Die Fronten zwischen den Fraktionen waren schon vor der Bundestags-Debatte klar. Doch überraschend schießt Linken-Chef Gysi die Grünen frei.

Wettert und schmettert gegen die Regierung: Linke-Chef Gysi. Bild: dpa

Nachdem der UN-Sicherheitsrat das Mandat für die Afghanistan-Truppe Isaf verlängert hat, scheint auch der Weg der Truppen durch den Bundestag gesichert. Abstimmen werden die Abgeordneten zwar erst am 12. Oktober, aber am Donnerstag stritten Befürworter (SPD, Union, FDP) mächtig mit den Gegnern (Grüne, Die Linke) über den Einsatz. Ein Blick in die Reihen der Grünen genügte, um zu ahnen, was die Partei eigentlich erwartet hatte. In nahezu voller Stärke war die Fraktion angetreten, um sich gegen das drohende Parlamentsgewitter zu schützen.
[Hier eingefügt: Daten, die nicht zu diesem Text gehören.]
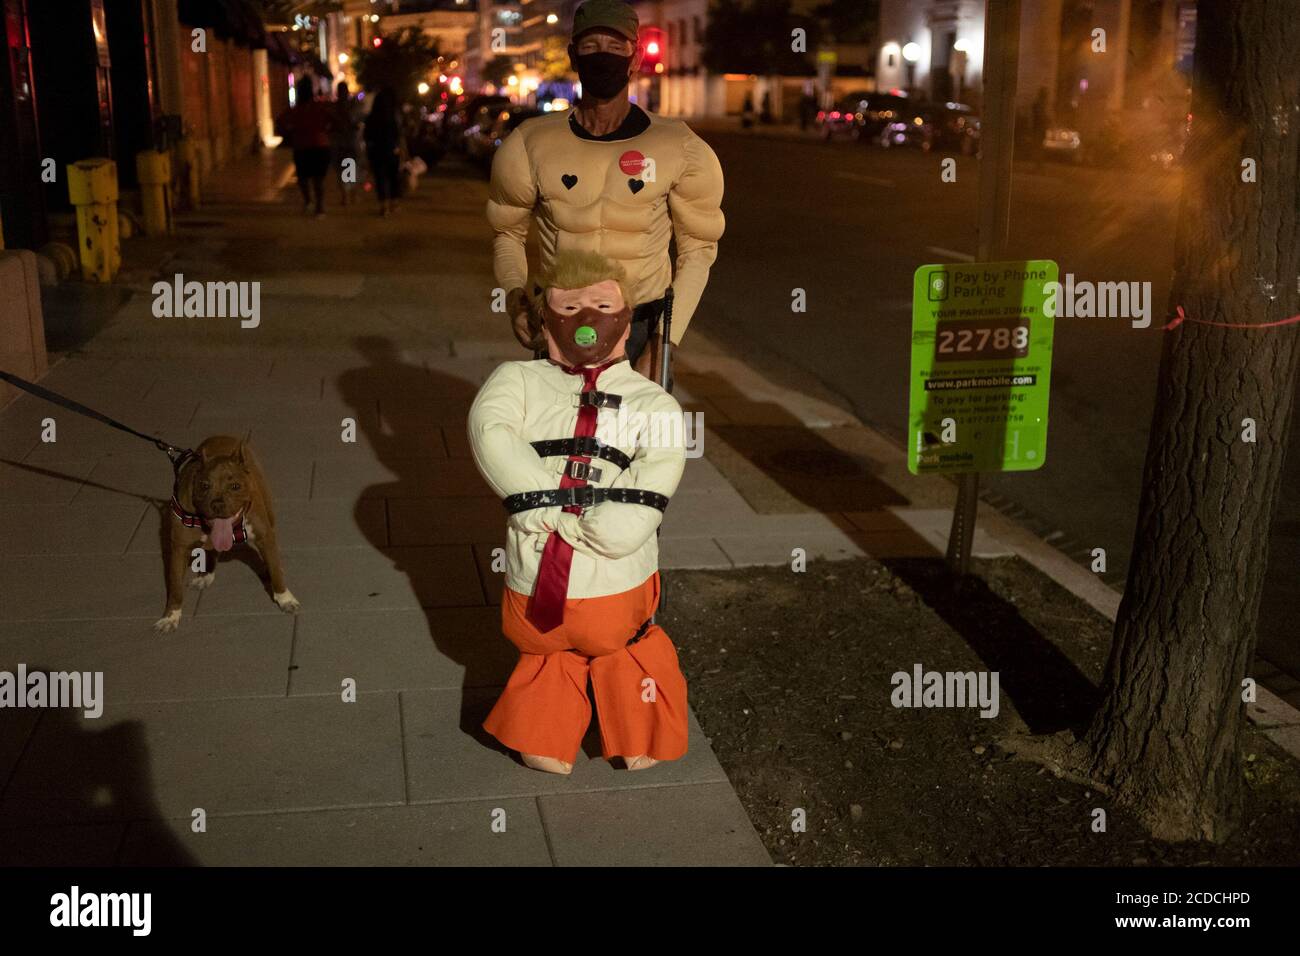 Washington DC, USA. August 27, 2020: A Protestor appears in a Putin costume  and and Trump Hannibal Lecter costume during a Black Lives Matter  demonstration in Washington, DC. The crowed was protesting

Die Grünen konnten sich bei Gregor Gysi bedanken, dass alles anders kam. Der Fraktionschef der Linken übernahm den Part des Buhmanns und sorgte so dafür, dass sich am Ende niemand mehr über die Grünen beschweren wollte.

Sechs Jahre nach dem Einmarsch ginge nur jedes fünfte Mädchen in die Schule, sagte Gysi und versuchte damit das immer wieder bemühte Argument abzuwehren, dass der Krieg doch wenigstens die weiblichen Bildungschancen erhöht habe. "Das ist eine Schande!", schmetterte Gysi in das Parlament. Die Regierung habe sich von Beginn an "der US-Strategie unterworfen" und damit "keine Befreiung, sondern eine Besatzung" gefördert, sagte der Linke.

Das Menschenrechtsargument, mit dem Verteidigungsminister Franz Josef Jung (CDU) zuvor die Notwendigkeit eines Bundeswehrverbleibs untermauert hatte, sei doch in Wahrheit nichts als Augenwischerei: "Selbst die USA müssten sie ja dann angreifen, wegen Guantánamo", polterte Gysi in Richtung Regierungsbank. Die Linke werde geschlossen die anstehende Verlängerung von Isaf und Tornados ablehnen.

Bei derart hochkonzentrierter Regierungsunfähigkeit wunderte es nicht, dass Grünen-Fraktionschef Fritz Kuhn anschließend in die Offensive ging, statt sich aufgrund des innerparteilichen Dilemmas zu verteidigen. "Billig, nichts als billig", rief er unter dem Beifall von Union, SPD und FDP der Linken zu. Dann knöpfte er sich die FDP vor, die vorher gegen seine Partei gestichelt hatte. Es sei keine "Verantwortungsverweigerung", dass der grüne Parteitag der Fraktion wegen der Tornado-Komponente empfohlen hatte, dem gekoppelten Mandat die Zustimmung zu verweigern. Die Grünen stehen geschlossen zu Isaf, sagte Kuhn. Aber sie drängen auf eine Strategieänderung der Bundesregierung, eine höhere Aufstockung der Ausgaben für den zivilen Aufbau als vorgesehen und ein stärkeres Engagement bei der Polizeiausbildung.

Der Linken empfahl Kuhn, auch mal Verbesserungsvorschläge zu machen, statt immer nur "Nein!" zu brüllen. Gysi ergriff darauf das Mikrofon und plädierte "für die Selbstbefreiung der Völker". Spätestens da waren nicht mehr die Grünen in Erklärungsnot, sondern die Linken.

Linke Komplettverweigerung hin, grüne Zweifler her - eine Mehrheit für die Mandatsabstimmung am 12. Oktober scheint außer Frage. Außenminister Frank-Walter Steinmeier (SPD) und Jung plädierten zu Beginn der Debatte noch einmal für eine Fortsetzung des Bundeswehreinsatzes. "Wer heute den Abzug fordert, setzt alles aufs Spiel, was wir in den letzten sechs Jahren dort aufgebaut haben", sagte Steinmeier.